Wembley unveils ambitious plans for Hongkong Stadium

PUBLISHED : Saturday, 16 January, 1993, 12:00am
UPDATED : Saturday, 16 January, 1993, 12:00am

THE new Hongkong Stadium could host flamboyant professional wrestlers, gridiron games and concerts by top pop stars, the head of the company chosen to manage the facility said yesterday.

Sir Brian Wolfson, chairman of Wembley PLC, said soccer, union and league rugby, as well as motorcross - in which motorcycle racers speed over bumpy terrain - could also be featured at the new venue, which will be completed next year.

Urban councillors voted yesterday to appoint Wembley, which runs the famous Wembley complex in Britain, to manage the Hongkong Stadium.

''The facility itself is first, international class, as a result of which it will make a very strong claim to any event that's going around,'' Sir Brian, who had flown to Hongkong for the announcement and the signing of a letter of intent, said.

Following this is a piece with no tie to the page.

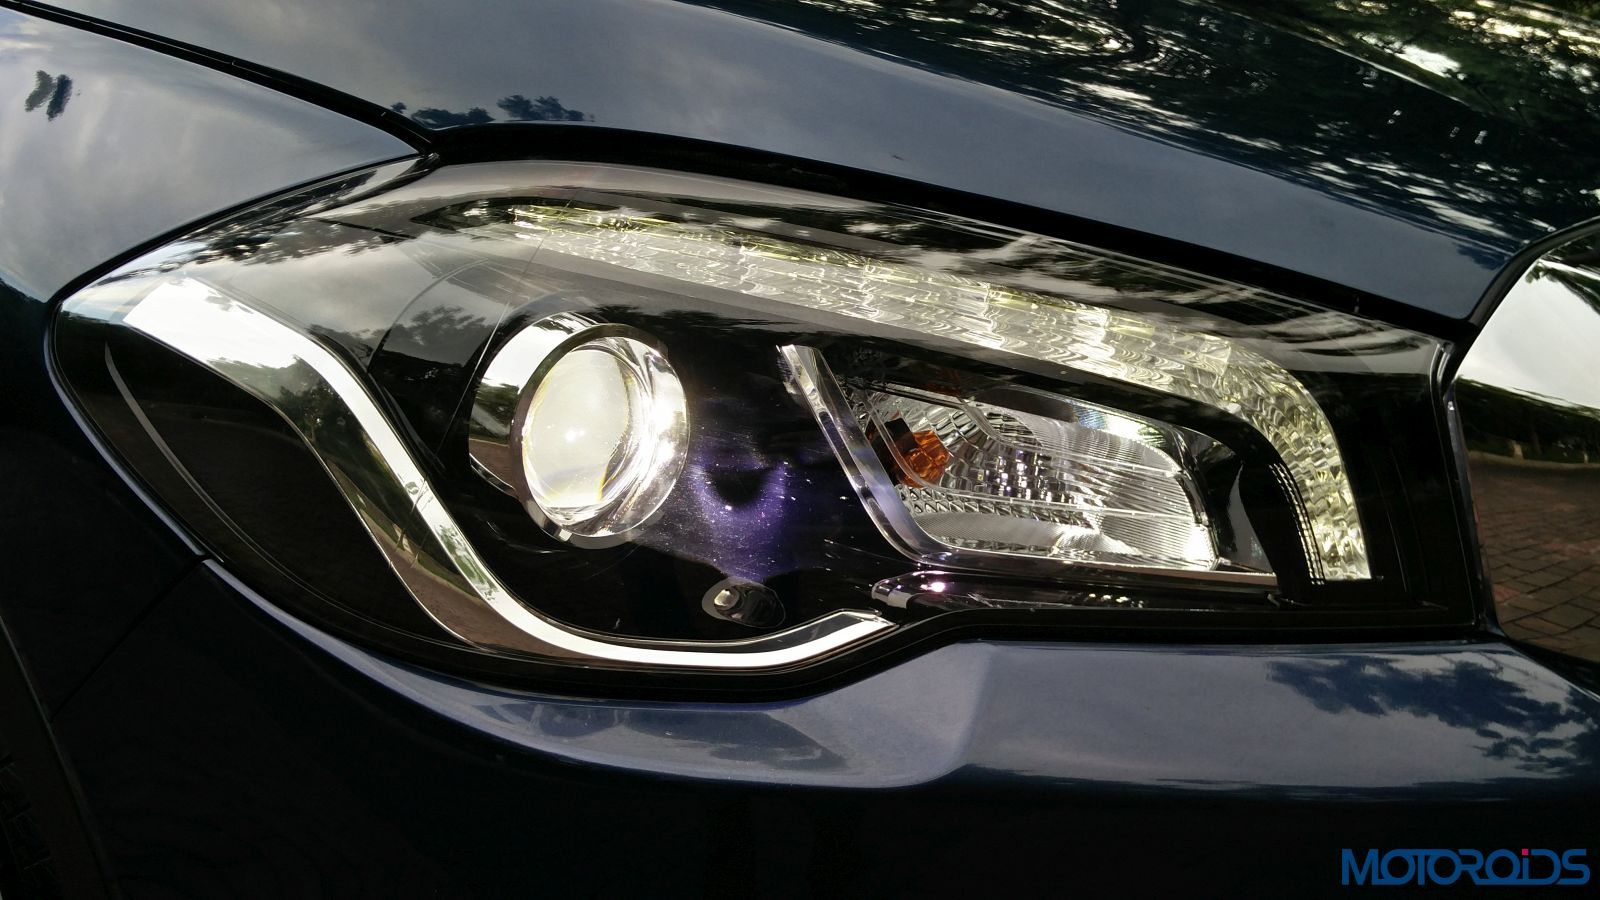 New-Maruti-Suzuki-S-Cross-Alpha-Review-static-images26

He estimated there could be about 20 international sporting and entertainment events annually at the 40,000-seat facility.

The stadium will also be used for a series of local or regional sporting events, performances and festivals.

Sir Brian said that while soccer remained the dominant sport in Hongkong, one American football game per year ''should not be beyond the realm of possibility''.

He said entertainment wrestling - which has been made popular by the World Wrestling Federation, whose competitors wear costumes and engage in colourful, rhetorical battles outside the ring - ''is another sport you could put in''. Boxing was also an option.

He said the new stadium, as well as Hongkong's ''sophisticated'' population, would put the territory on the touring map for pop acts embarking on stadium tours each year.

The venue may compete with the Hongkong Coliseum for some events, but Mr Chan Kin-bun, senior manager stadia/marketing with the Urban Council, said he doubted the Coliseum would be seriously affected.

The 12,000-seat Coliseum is managed by the Urban Council.

Mr Chan predicted the open-air Hongkong Stadium could be more popular with acts during the dry season, while the indoor Coliseum may be preferred in rainy periods.

Wembley beat off two other bidders - one from Australia and one from the United States.

''Their offer was far, far superior to the other two,'' Dr Ronald Leung Ding-bong, chairman of the Urban Council, said.

Dr Leung also praised the ''excellent track record'' of Wembley, which manages 14 venues worldwide.

While most details of the deal were kept secret, it was revealed that Wembley would get a share of profits generated by the stadium as well as a ''base fee''.

If the stadium operates at a loss, however, Wembley will waive its fee.

Wembley's management contract, which will be formally signed in March, extends for a decade.